## DATA EXCERPT
+-------+

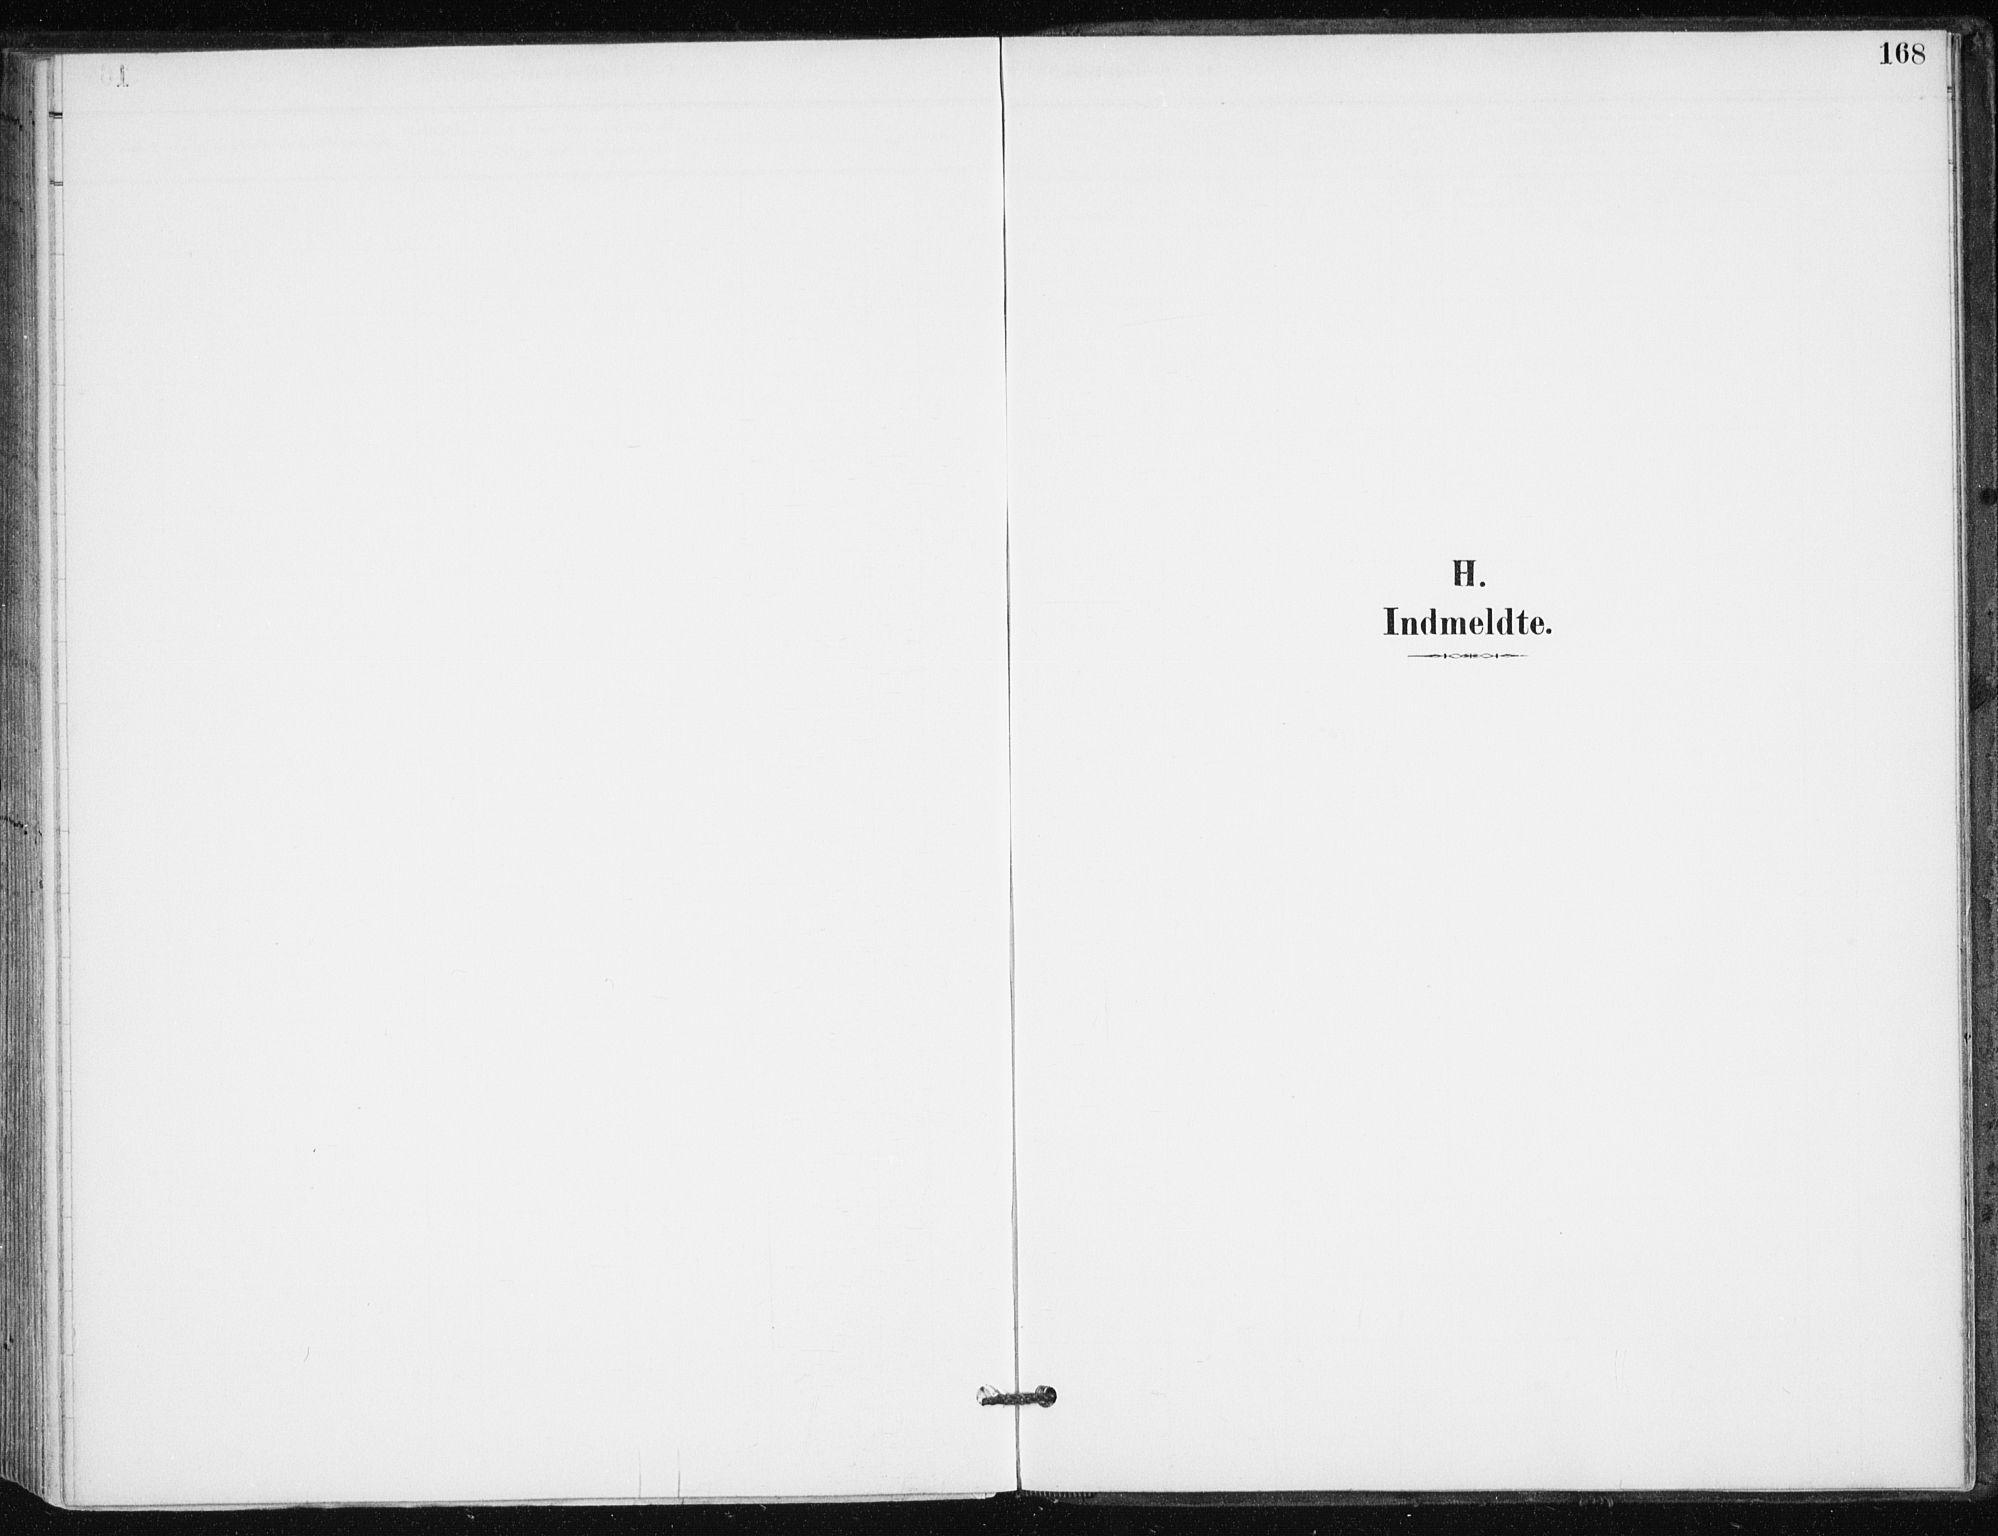 SATØ, Salangen sokneprestembete, Ministerialbok nr. 1, 1893-1911, s. 168
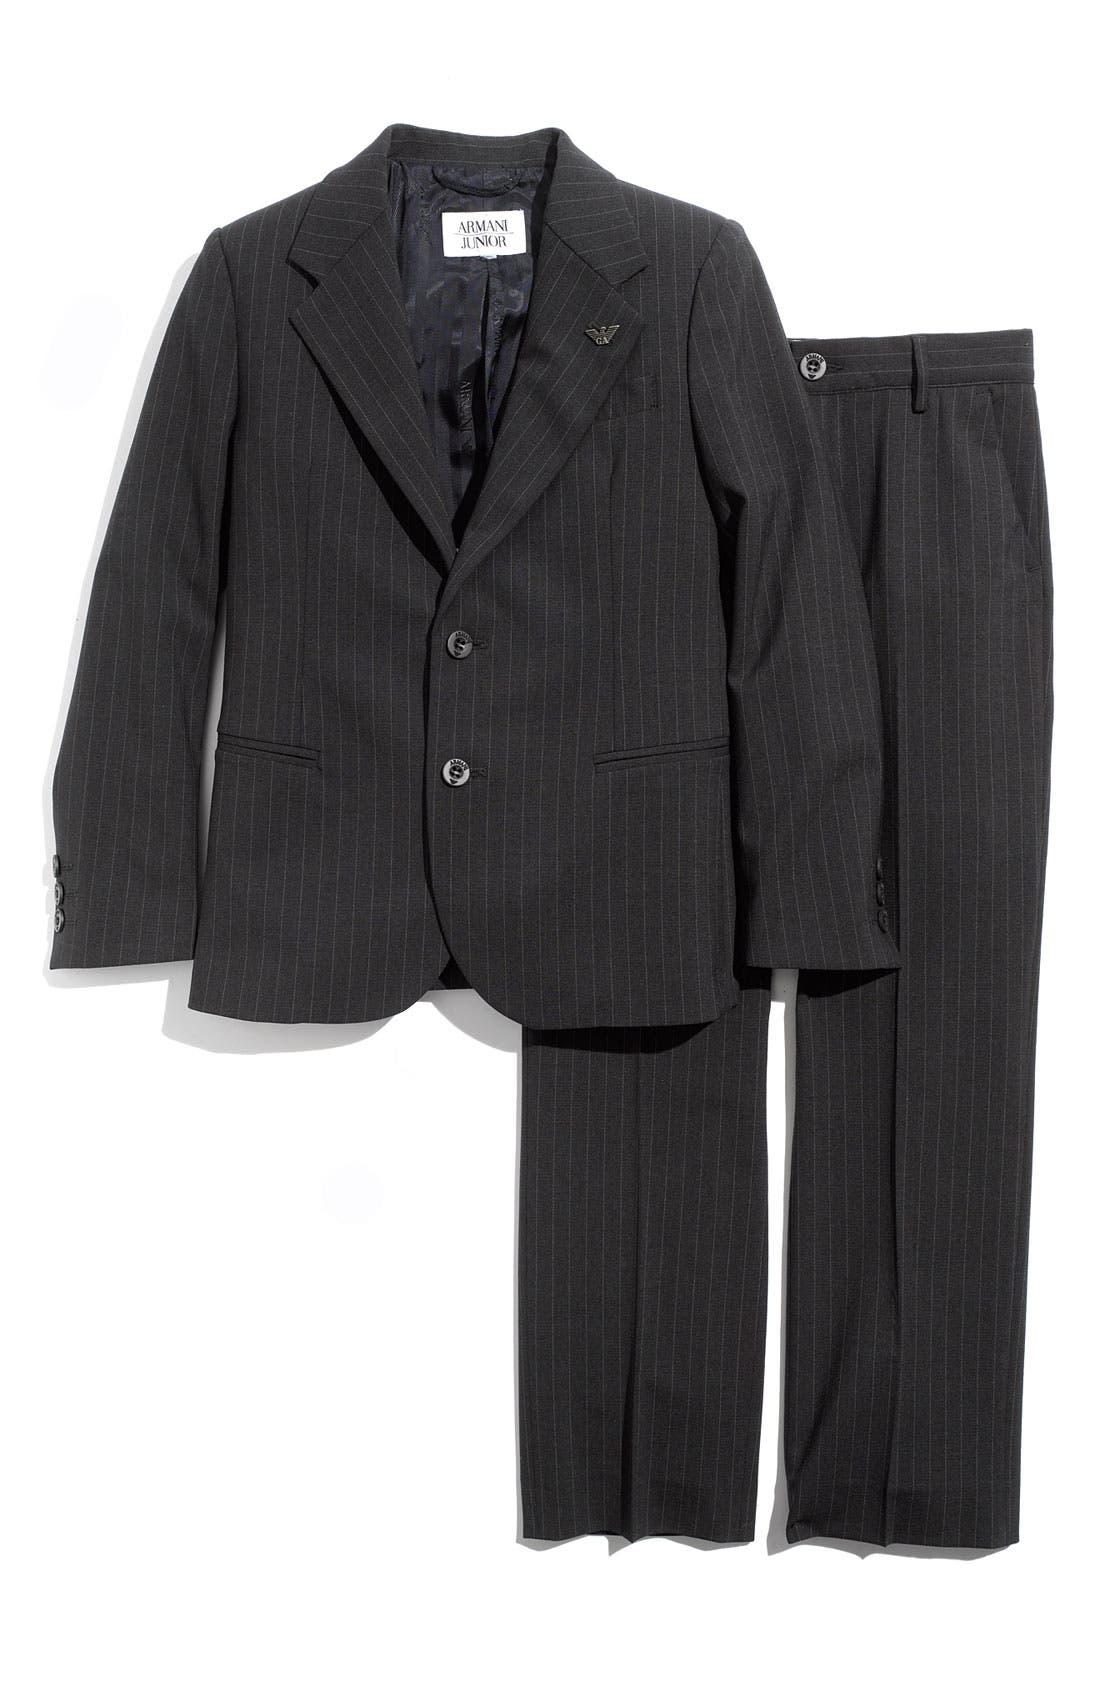 Alternate Image 1 Selected - Armani Junior Two Piece Suit (Big Boys)
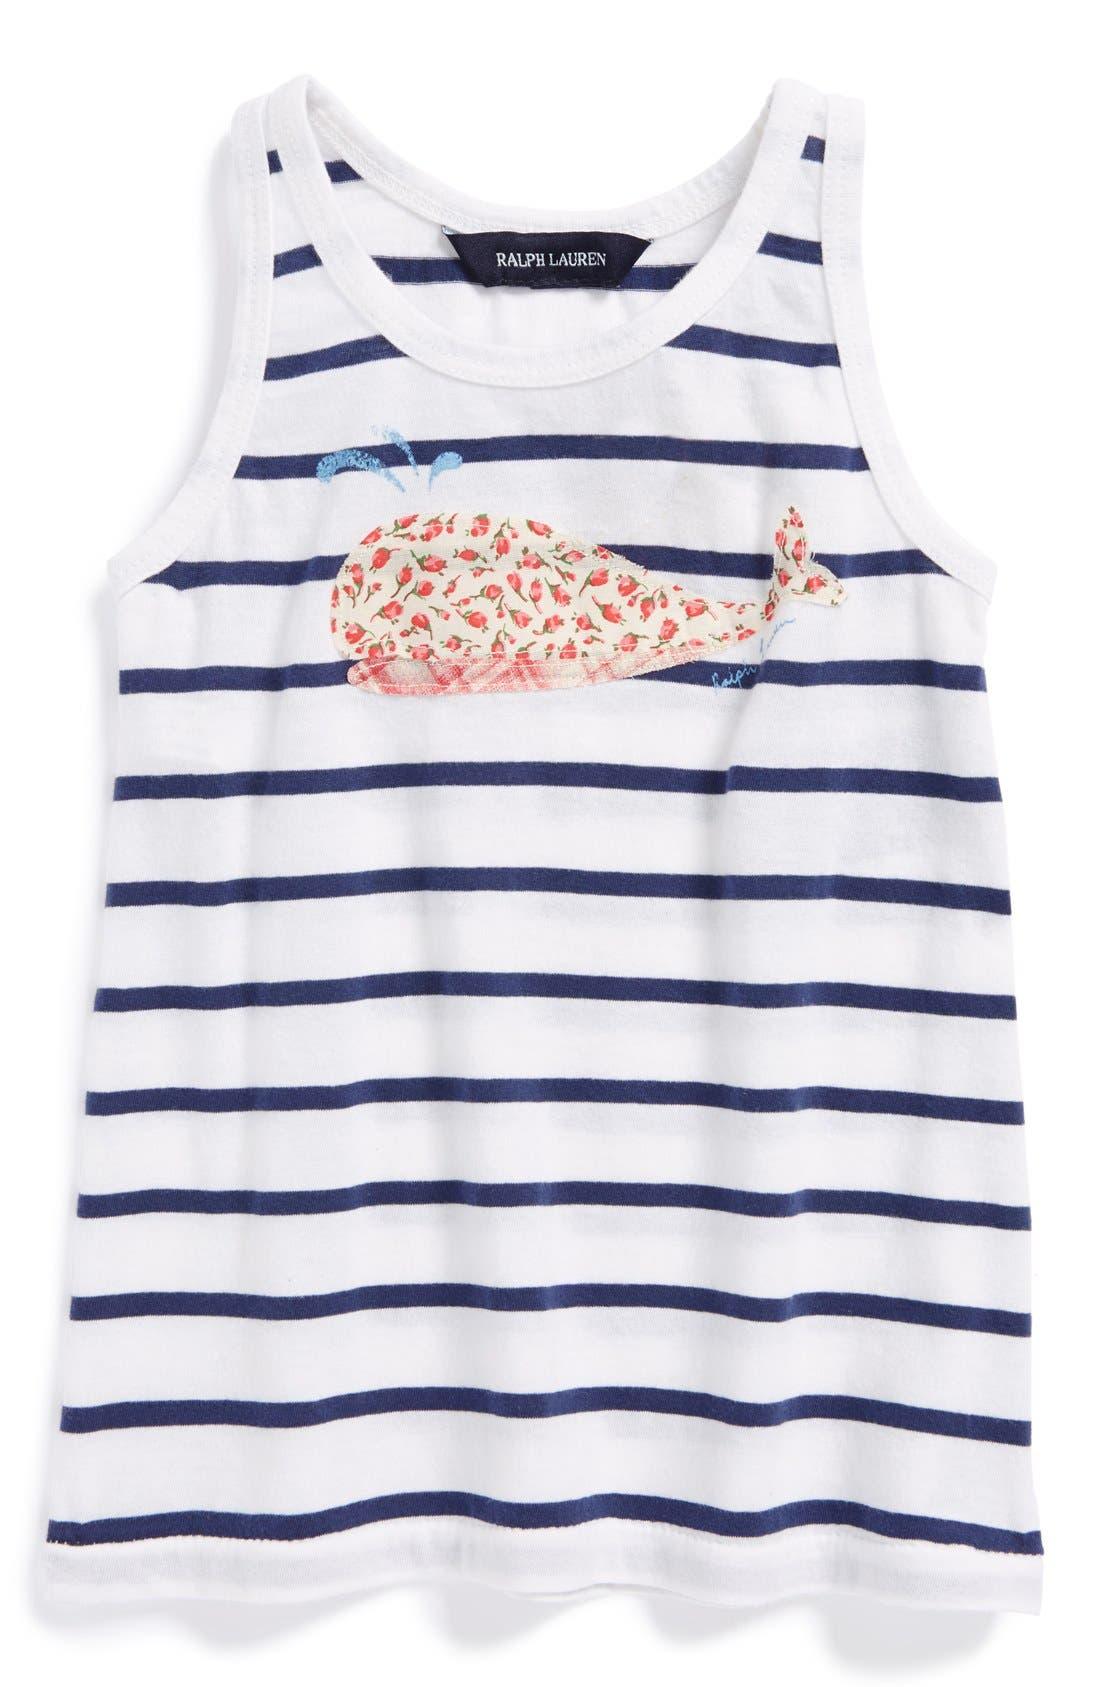 Main Image - Ralph Lauren Appliqué Logo Jersey Tank Top (Toddler Girls)

+-------+

## ASSIGNED TASK
Since the pictures are not wanted, write out the rest of the data exactly as it reads.

## ANSWER TO THIS PROBLEM
 SATØ, Salangen sokneprestembete, Ministerialbok nr. 1, 1893-1911, s. 168
 Alternate Image 1 Selected - Armani Junior Two Piece Suit (Big Boys)
 Main Image - Ralph Lauren Appliqué Logo Jersey Tank Top (Toddler Girls)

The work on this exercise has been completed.